You might be surprised to know that it's really none of the above.

As Brian Tracy says, "Charm is the ability to create extraordinary rapport that makes others feel exceptional." What's remarkable about this ability is that it's easily obtained, not genetic. There's no special trick to it; it just takes a little practice.

I'm about as far from charming as you can get. It might be the mark of a blogger; we're fun-lovin', hard-drinkin' types, but we're not necessarily the most socially graceful people you will ever meet. [Speak for yourself. - Ed.]

I'm just not great with people. I'm naturally shy and rather anti-social. I'm talkative once I get to know someone, but introduce me to a total stranger at a party, and I'm usually a wreck. That's why I took a class on charm and schmoozing a while back.

See, I'd always figured that charming people are the ones who are always the center of attention. The class clowns, the life of the party. The ones that are always ready with a sarcastic quip or a smart-aleck comeback. The people who can make the whole room bust a gut. The Chris Rocks of the world.

During the first few minutes of my How to Be Charming, our instructor asked us to list qualities that we found charming. Most people said the same thing: funny, warm, memorable. But ultimately, it was very difficult to define charm.

Our next task was to name people in our lives that we found charming. The first person that popped into my head is the medical assistant who runs my father's medical office. Her name is LaWanda, and you've never met a more charming lady in your life. She's the warmest, kindest, and most thoughtful woman that I've met in years.

The class took turns summarizing our personal impressions of charming people, and we all realized that most of the qualities that we associated with charming people weren't just that they were warm and kind, but that they made US feel special.

That description fits LaWanda to a T. She's the kind of person who seems to find everything I do fascinating. Got a new contract job? Cool! Working on a blogging website! Fabulous. And she wants to hear all about it. Every time I talk to LaWanda, I end up feeling like I really am accomplishing things in life, that I lead an exciting urban existence.

The whole class agreed that our charming examples were all people who drew out the best in us.

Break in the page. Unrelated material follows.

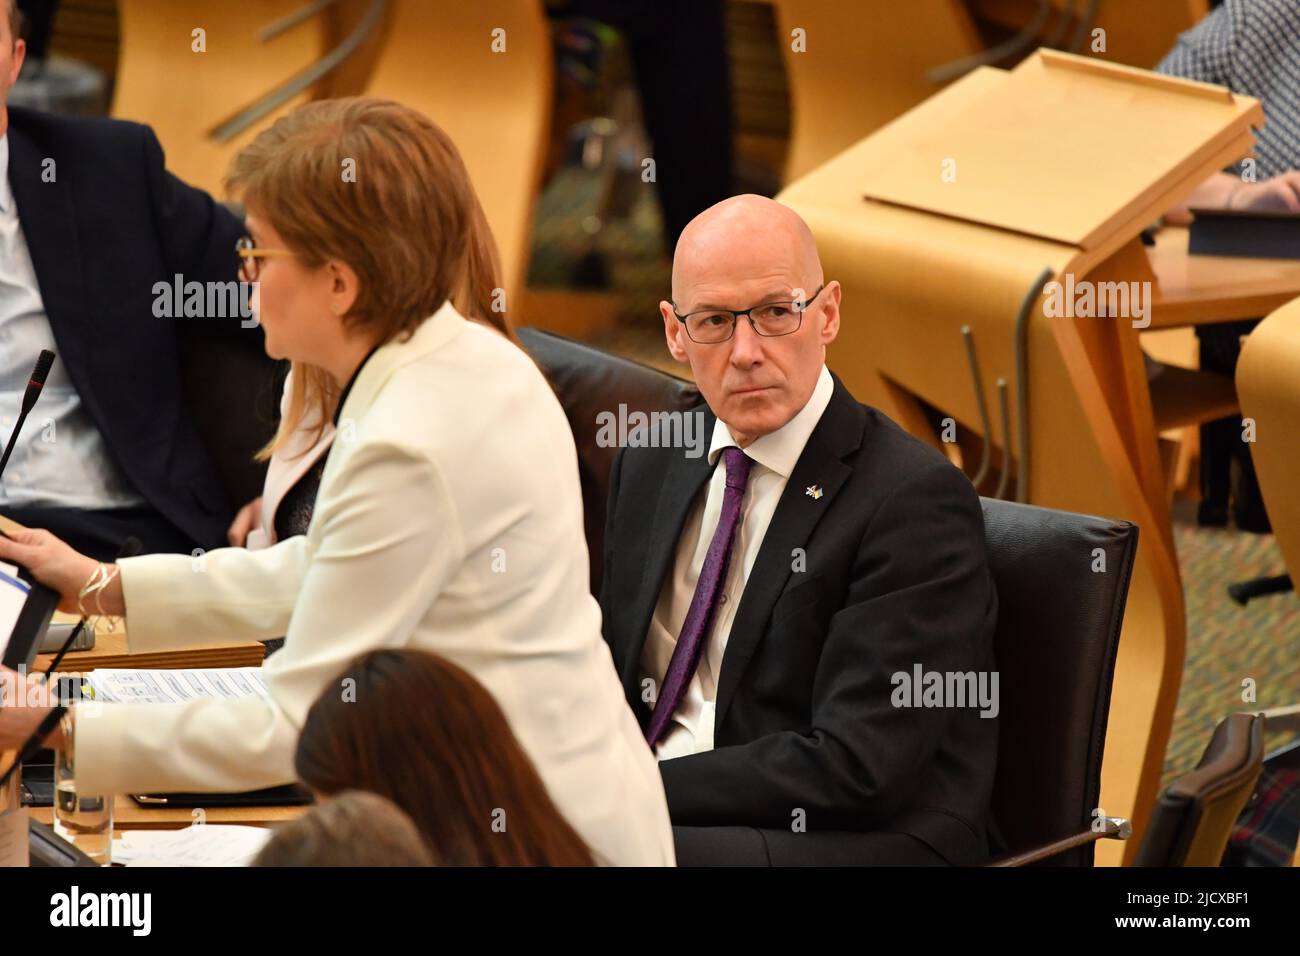 Edinburgh, Scotland, UK. 16th June, 2022. PICTURED: Inside the Scottish Parliament at Holyrood at the weekly session of First Ministers Questions where the First Minister Nicola Sturgeon takes questions in the chamber. Credit: Colin Fisher/Alamy Live News Stock Photo

Charming people all seem to:

  • Listen exceptionally well
  • Have excellent memory for details
  • Praise our accomplishments and empathized with our troubles
  • Make good eye contract
  • Ask lots of relevant questions
  • Be good at accepting compliments
  • Be genuine in their expressions, never false or flaky
  • Understand the power of touch, be it a great handshake, hug, or arm squeeze
  • Make the other person feel really special
  • Avoid offering unsolicited advice
  • Use our first name a bit more than most people would during conversation (without overdoing it)
  • Ask great follow-up questions
  • Be honest, if not brutally so

In other words, being charming isn't about being the center of attention. In fact, it's just the opposite. Charming people put the spotlight on SOMEONE ELSE, allowing someone else to bask in the glory. A charming person acts almost like an interviewer, and almost everyone LOVES to be interviewed.

As The Shrubbery puts it, "People love to hear themselves talk. Even more so do they love to talk about themselves. If you are sincere, keeping eye contact, and asking questions about your Charm-ee, you will be sure to keep an audience with him or her. This will also help you learn about them to the point where you can find some common ground to talk about."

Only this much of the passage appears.